Thursday, January 30, 2020

A Tool for Dismantling Capitalism Is Hiding in Plain Sight


Tannara Yelland / Los Angeles Review of Books



“Capital City: Gentrification and the Real Estate State”
A book by Samuel Stein
Over computerized images of a nondescript early American city and a rushing river, a man with a quiet voice and a delightful Philadelphia accent describes the process by which the city of Franklin developed its first water distribution system. The Goodhill Water Works, the voice explains, was created after a series of yellow fever outbreaks that the city blamed on contaminated local water. This led town elites to decide that a new water source was required for the growing municipality. Despite the fact that the state-of-the-art space doubled as a tourist attraction while it pumped fresh water straight into town, residents could only access the water if they had the money to pay for installation and a subscription.
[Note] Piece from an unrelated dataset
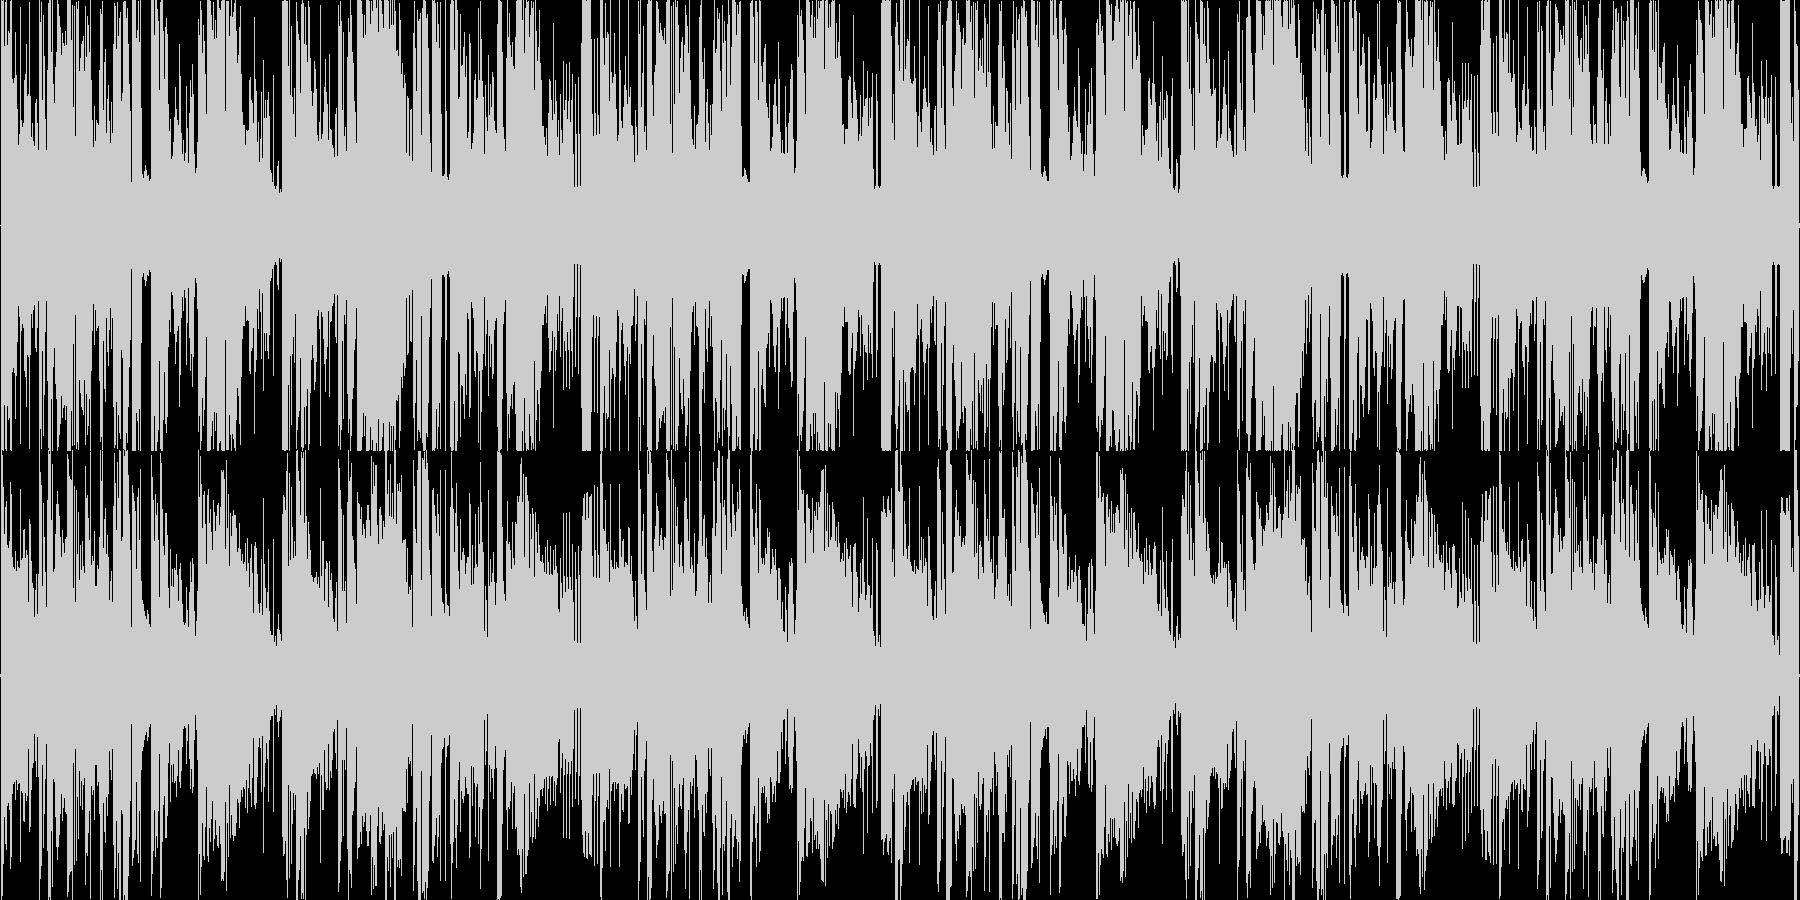 ダブステップヒーリングLOOPの未再生の波形

Otherwise, they would have to use the few free fountains placed around the city. The bulk of the city’s residents — including indentured servants, a small number of enslaved people, and free workers — had no time, money, or, in some cases, freedom to take in the beautiful grounds and stunning architecture. For them, despite this impressive achievement on the road to their city’s modernization, it was more or less as if nothing had changed at all.
Franklin, as you may have guessed, is not a real place. It is the creation of Justin Roczniak, who publishes a series on YouTube (where he goes by donoteat01) using the video game “Cities: Skylines” to explore the historical development of cities, and to discuss how inequality has been built into American cities from their earliest moments. Starting with an Indigenous settlement along a river, Roczniak describes the displacements and conflicts that have gone into city-building, as well as developments such as the carceral system and organized labor. A self-described socialist, Roczniak uses this historical narrative to examine “how we view cities and what cities are capable of,” as he told Kotaku last year.
The series weds the often wonkish world of urban planning discourse to the pop culture juggernaut that is gaming, and in doing so claims a space in both fields for leftist analysis. And both urban planning and gaming are in dire need of some socialism. In recent years, the public urban planning conversation has been dominated by “urbanism,” a bland quasi-progressive ideology that typically lacks any coherent class or power analysis. Now a dominant tendency among city-planners and many municipal politicians, urbanism treats procedural changes like tweaks to zoning laws as key to solving the problems of the modern city.
Because urbanism dominates discussions about cities — about what ails them and how to fix them — structural analyses have been sorely lacking. The discourse around gentrification still focuses too much on fancy coffee shops and not enough on systematic disinvestment in areas inhabited by people of color and the working class. For urbanists, unaffordable housing can be solved by increasing the amount and density of housing units through “upzoning,” while a more structural analysis would focus on rent control or building more public housing.
Much like Roczniak’s YouTube series, Samuel Stein’s captivating “Capital City: Gentrification and the Real Estate State” is an effort to shift the discussion away from urbanism and toward socialism. Stein offers a planner and geographer’s perspective on the way the city works today, but also shows that planners — even those interested in dismantling oppressive systems — often uphold the power of capital. “[C]apitalism makes the best of planning impossible,” he writes. “[A]ny good that planners do is filtered through a system that dispossesses those who cannot pay.” It is clear that Stein is interested in recuperating a more expansive set of possibilities for cities and city-dwellers than exists under capitalism, and that he sees planning as an avenue toward them. “Capital City” ultimately shows that socialists belong in the public conversation about cities — a conversation that has long been controlled by neoliberal politics ranging from austerity on the right to urbanism on the center-left.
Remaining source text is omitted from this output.